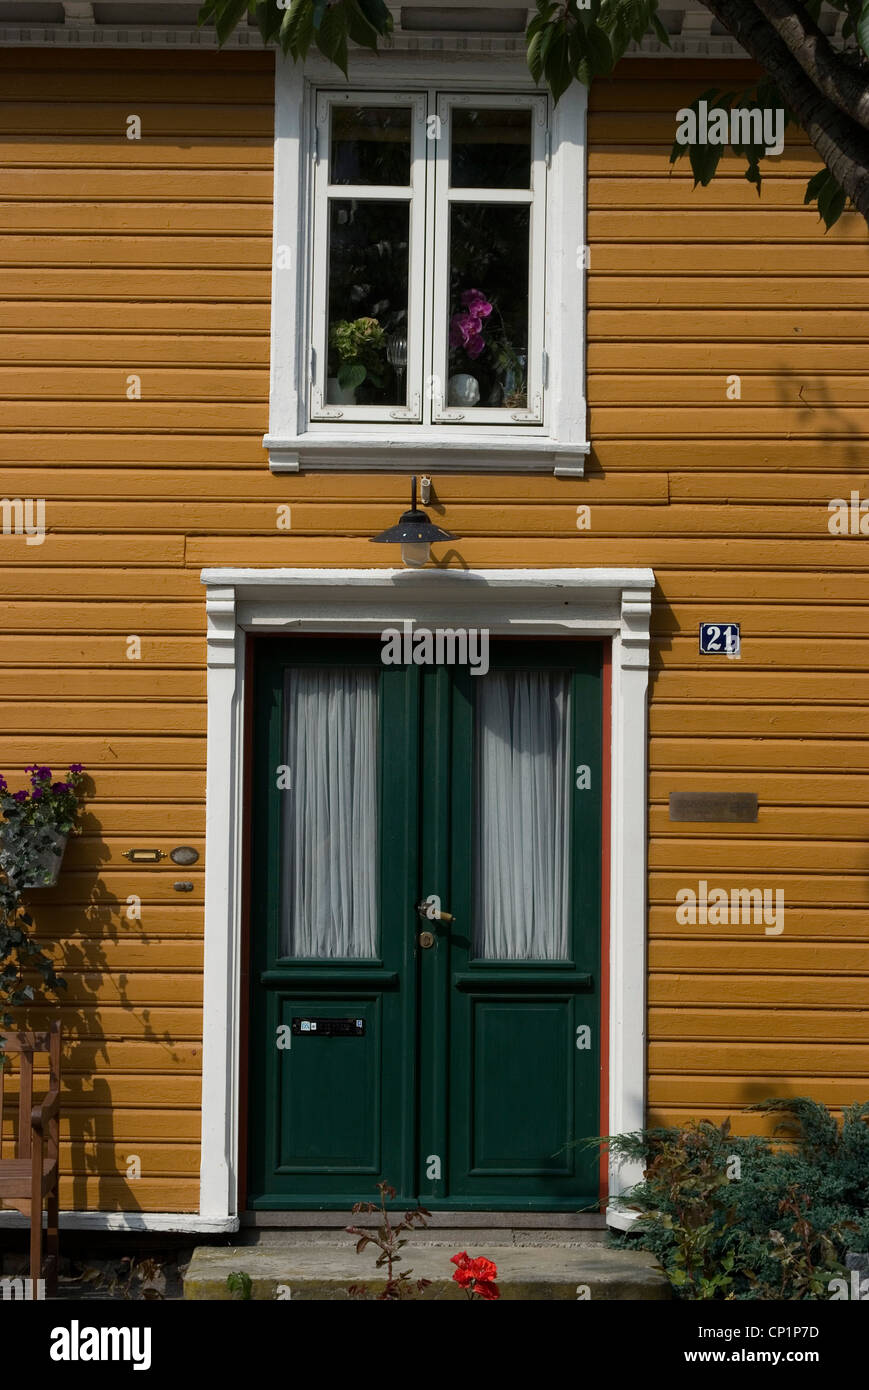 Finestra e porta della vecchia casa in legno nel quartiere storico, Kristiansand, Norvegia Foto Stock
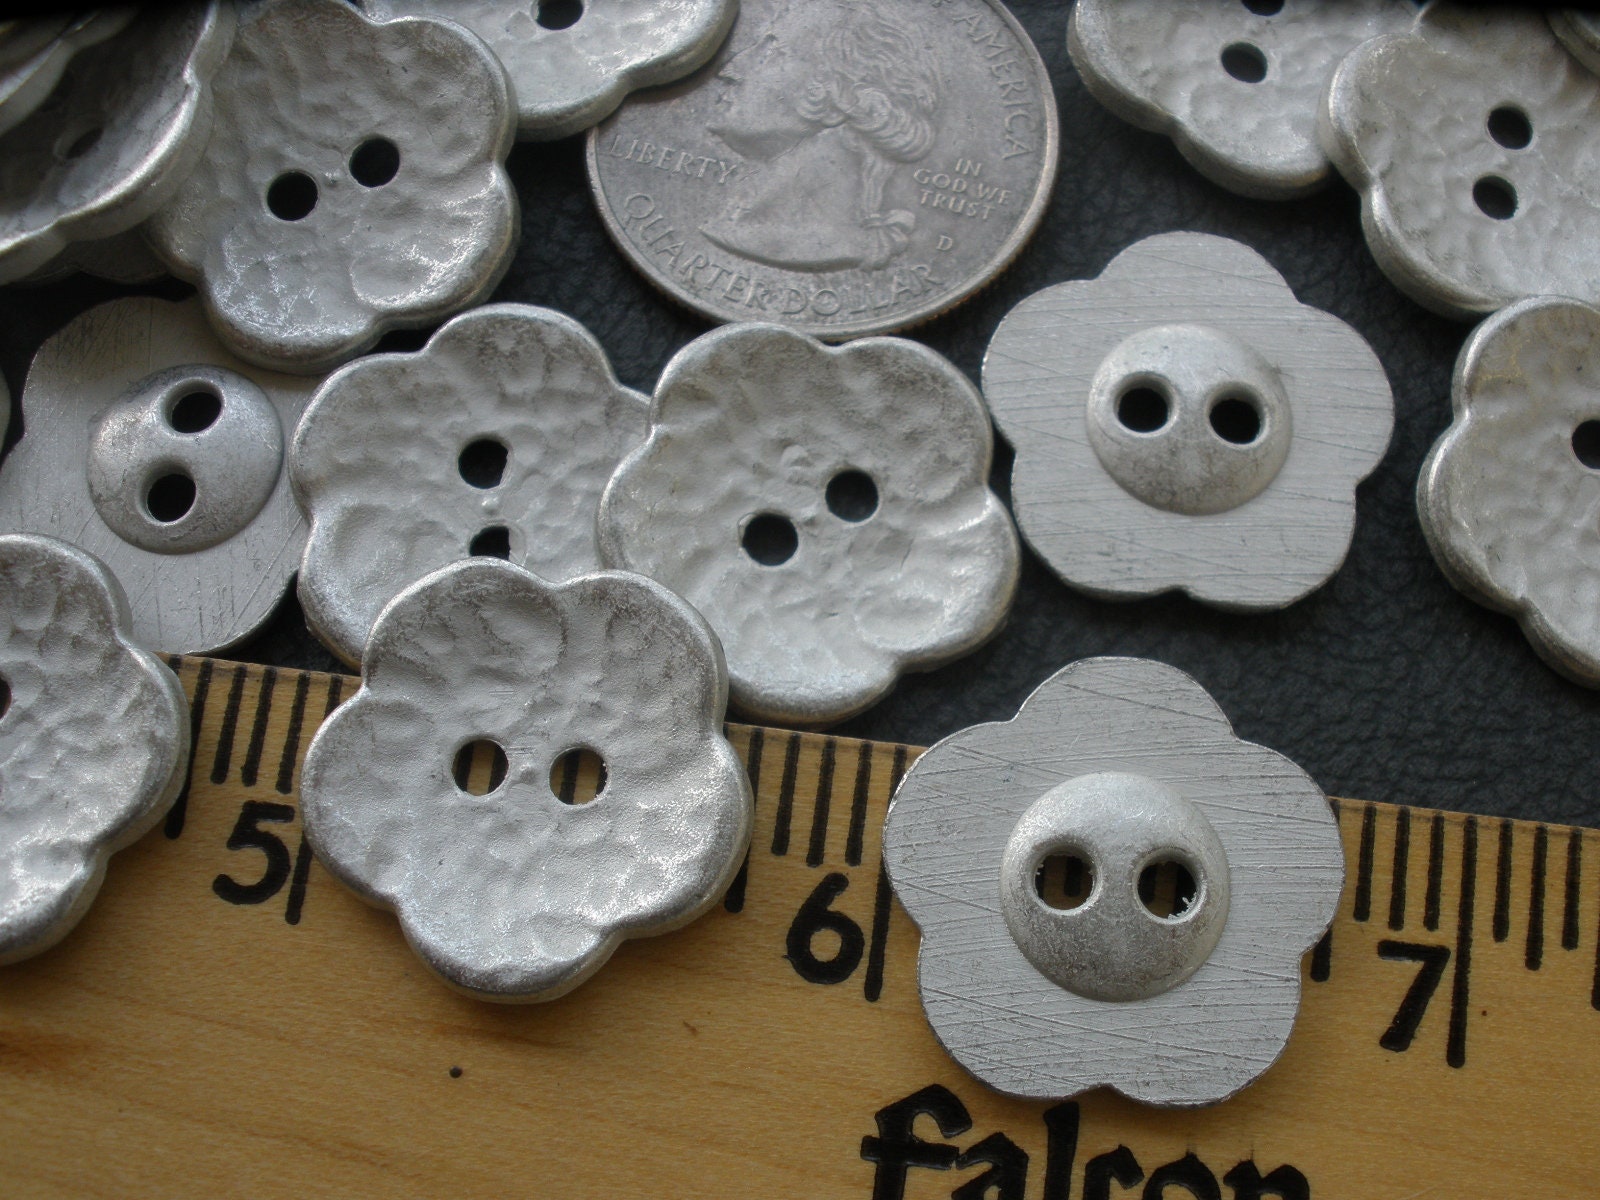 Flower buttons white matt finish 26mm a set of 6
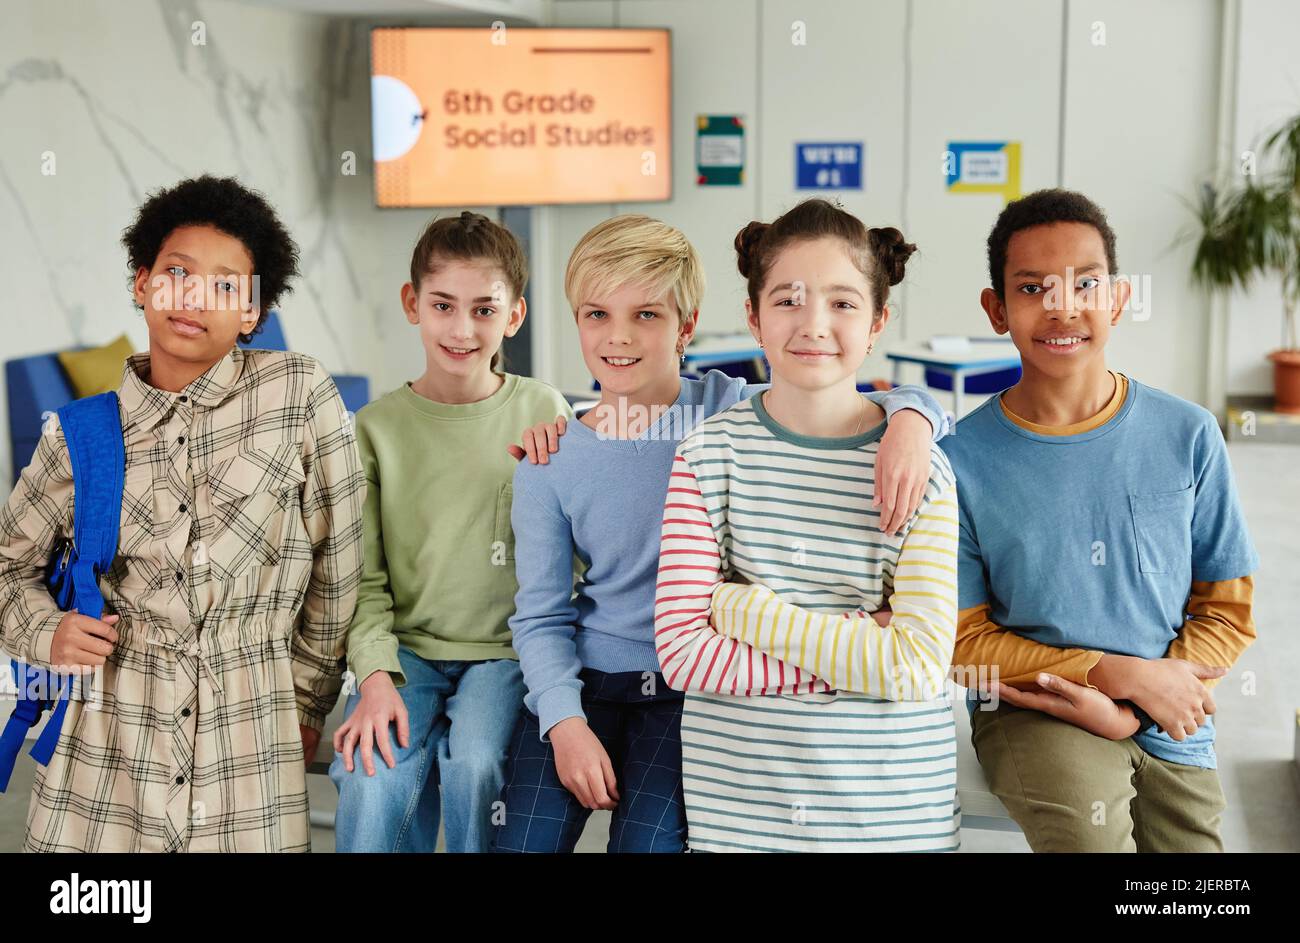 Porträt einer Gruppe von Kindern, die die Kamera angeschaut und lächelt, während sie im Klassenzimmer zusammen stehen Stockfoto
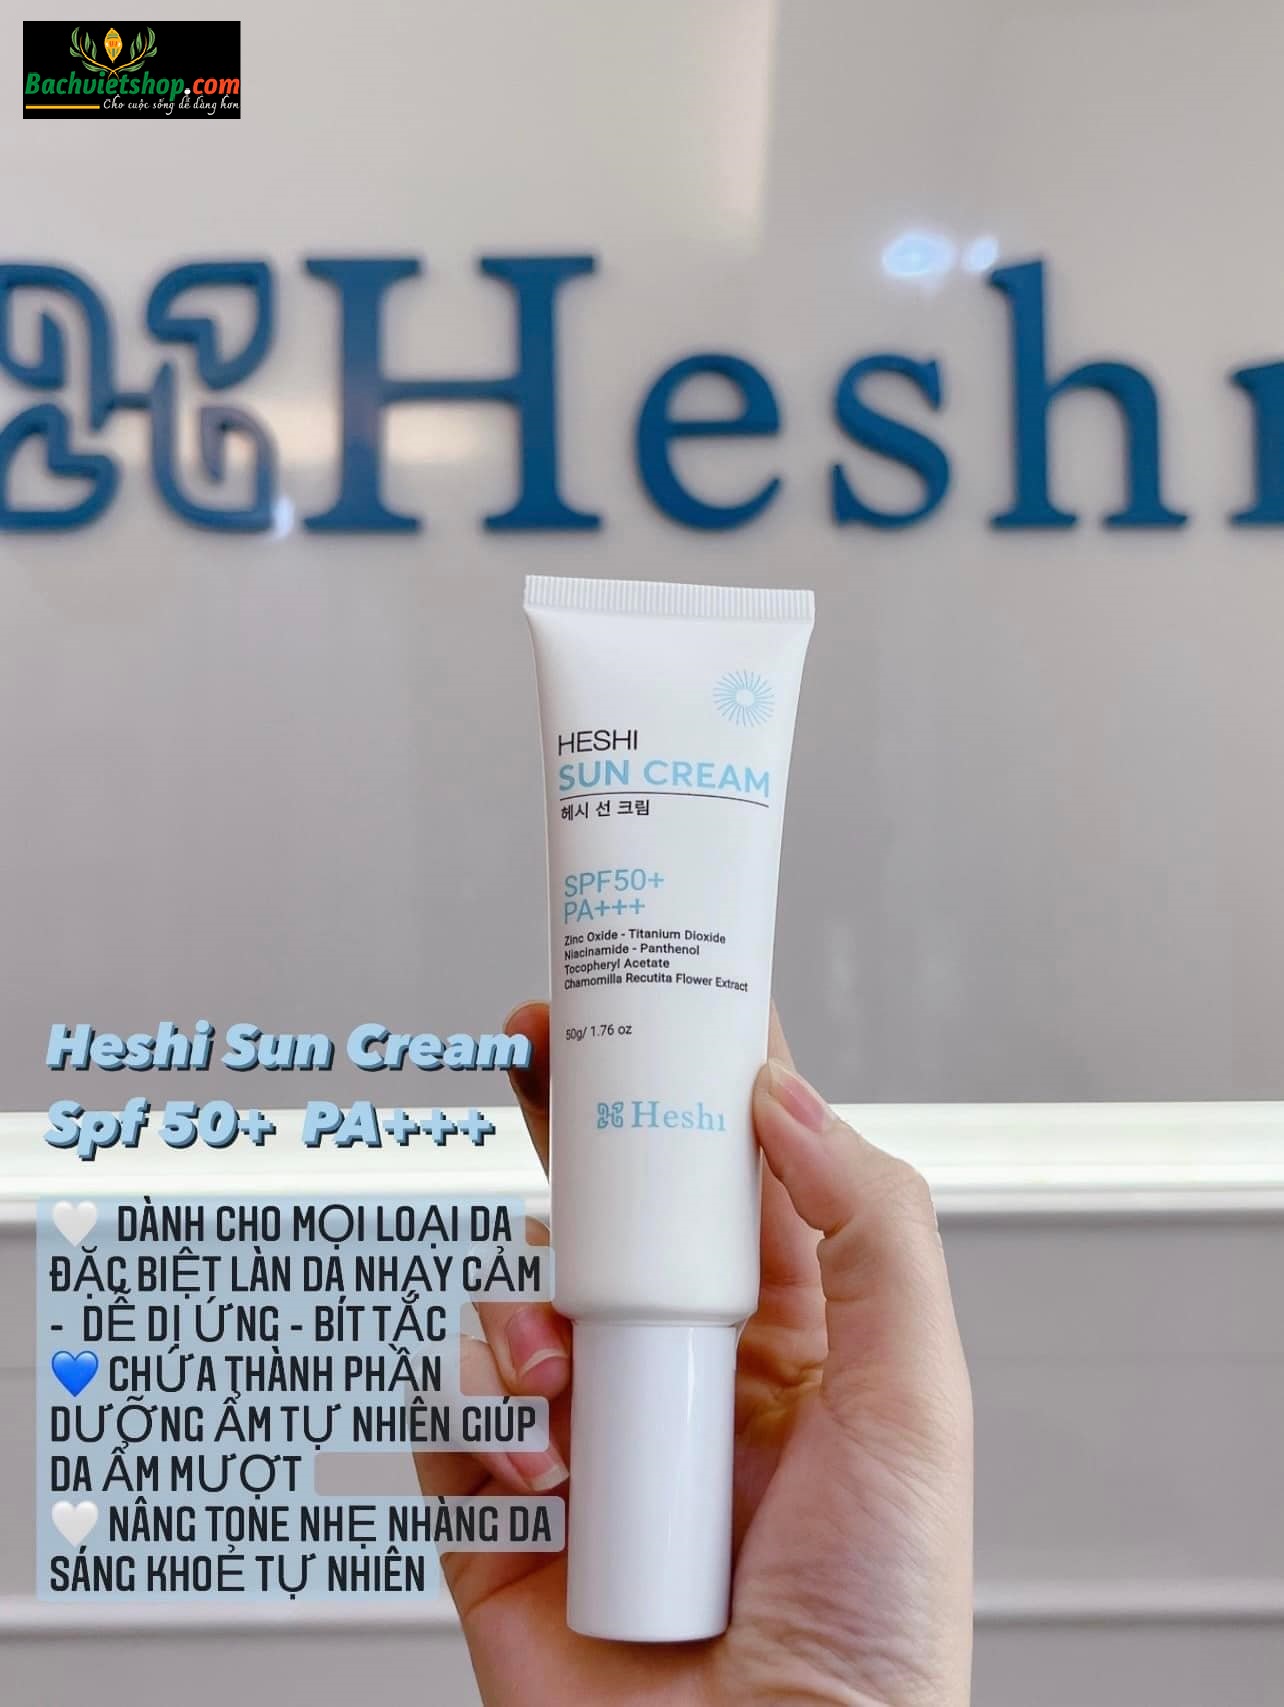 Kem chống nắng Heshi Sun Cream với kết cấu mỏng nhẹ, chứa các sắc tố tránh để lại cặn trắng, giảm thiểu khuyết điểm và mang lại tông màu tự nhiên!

◆ ◆ ◆ ◆ ◆

What the task needs is the material above repeated exactly, pictures excepted.

 Finestra e porta della vecchia casa in legno nel quartiere storico, Kristiansand, Norvegia Foto Stock
 Flower buttons white matt finish 26mm a set of 6
 Porträt einer Gruppe von Kindern, die die Kamera angeschaut und lächelt, während sie im Klassenzimmer zusammen stehen Stockfoto
 Kem chống nắng Heshi Sun Cream với kết cấu mỏng nhẹ, chứa các sắc tố tránh để lại cặn trắng, giảm thiểu khuyết điểm và mang lại tông màu tự nhiên!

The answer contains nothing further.